Liquidia (LQDA) Director Stephen Bloch Receives RSU Award

What Happened
Stephen M. Bloch, a director of Liquidia Corp (LQDA), was granted 5,882 restricted stock units (RSUs) on June 16, 2026. The grant is reported at $0.00 per share (standard for RSU awards) and will convert one-for-one into common stock upon vesting.

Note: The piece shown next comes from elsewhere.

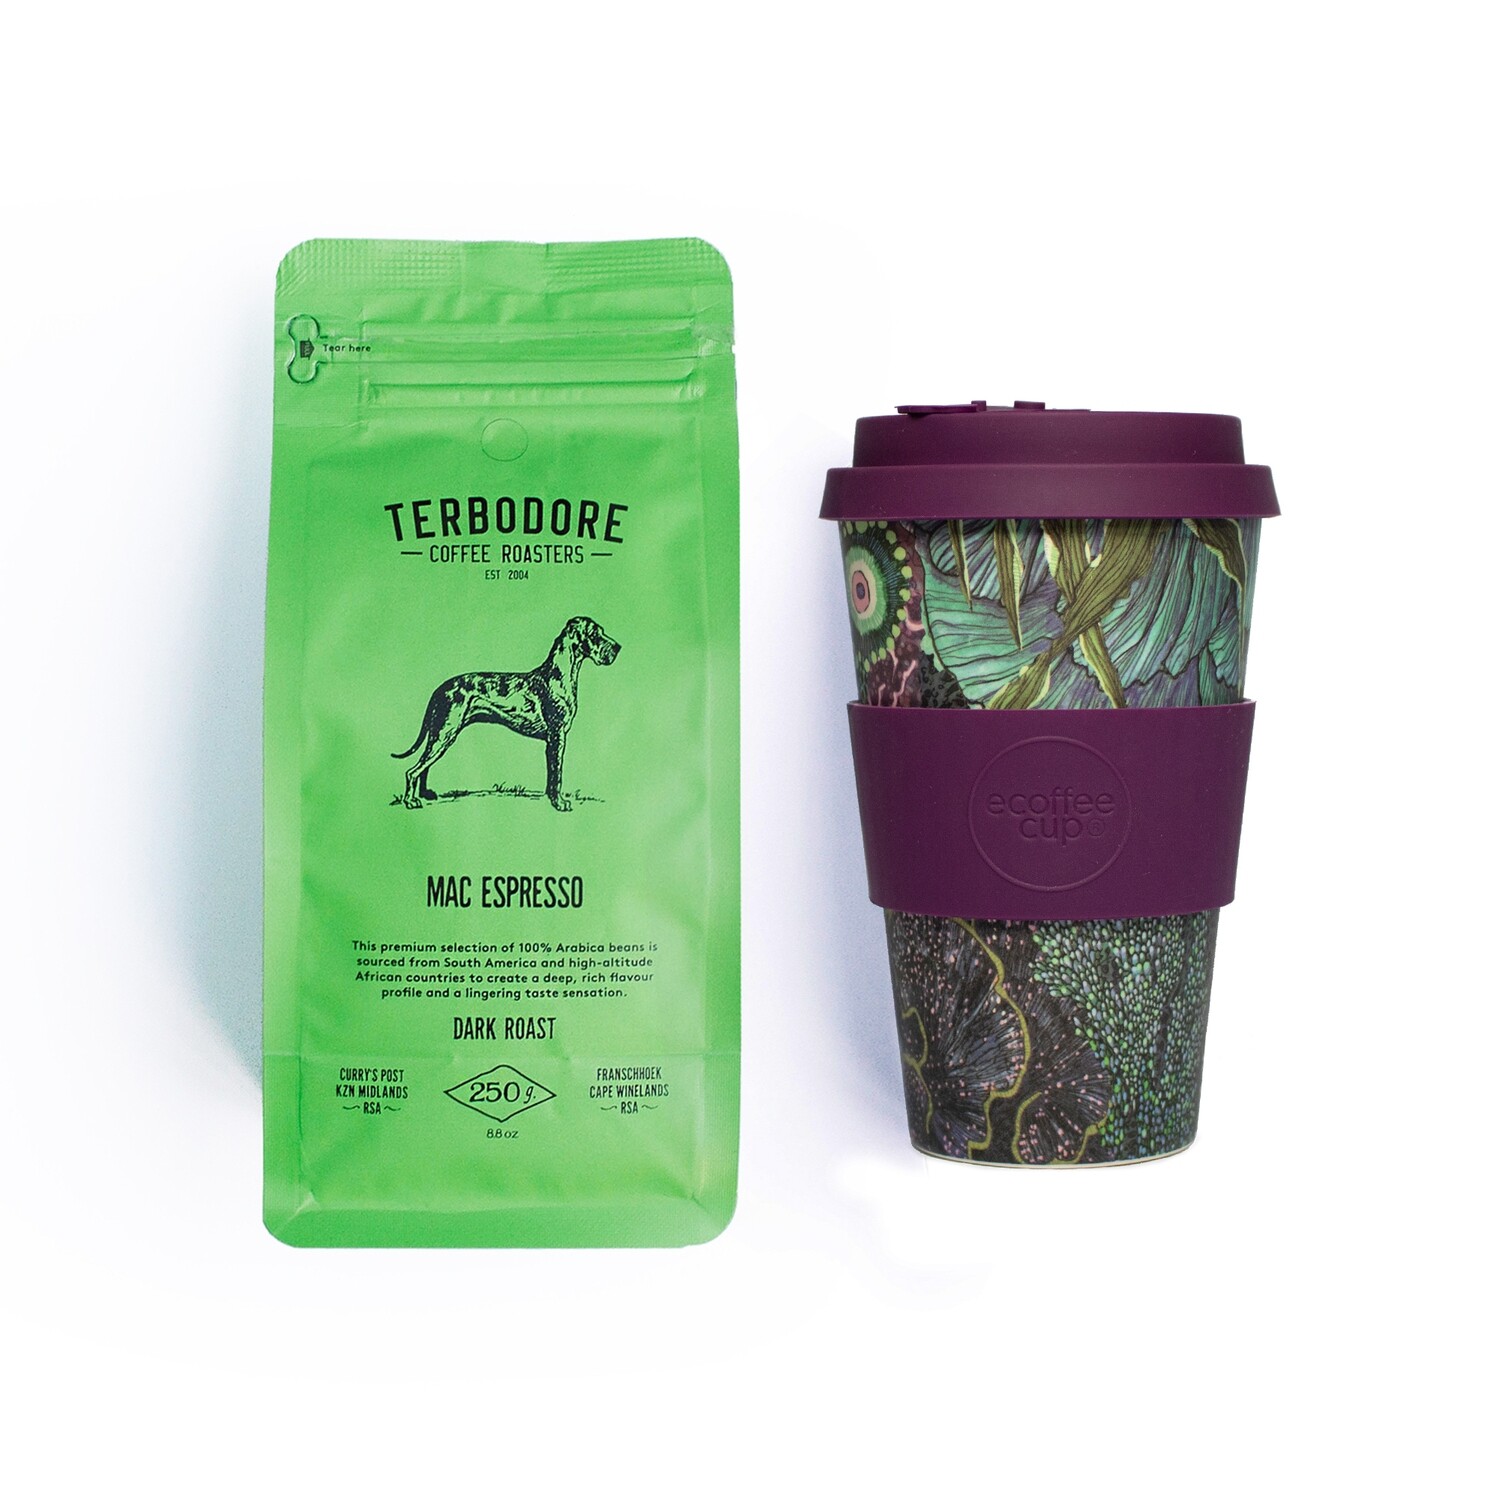 Ocean Espresso - Terbodore Mac Espresso Coffee & Ecoffee Cup Gift set

This is an equity award (not a cash purchase or sale).

Key Details

  • Transaction date: 2026-06-16; Form 4 filed 2026-06-18 (appears timely).
  • Award: 5,882 RSUs; reported price $0.00 (no cash purchase).
  • RSU conversion: RSUs convert to common stock on a one-for-one basis (Footnote F2).
  • Vesting: RSUs vest upon the earlier of (i) one-year anniversary of grant or (ii) the day before the issuer’s next annual shareholder meeting (Footnote F3).
  • Ownership reporting / related entities: Footnote F1 states the securities are held directly by Canaan VIII L.P.; Bloch disclaims beneficial ownership of securities held by the Canaan Entities except to the extent of any pecuniary interest, and he did not participate in that investment decision.
  • Shares owned after the transaction: not specified in the provided summary of the filing.

Context

  • RSU grants are award-based compensation; they do not involve an immediate cash outlay or sale. They become actual shares only when vested and converted.
  • This filing reflects issuance of an award rather than a market purchase or sale—useful for tracking potential future dilution or upcoming insider stock receipt but not a direct market bet by the insider.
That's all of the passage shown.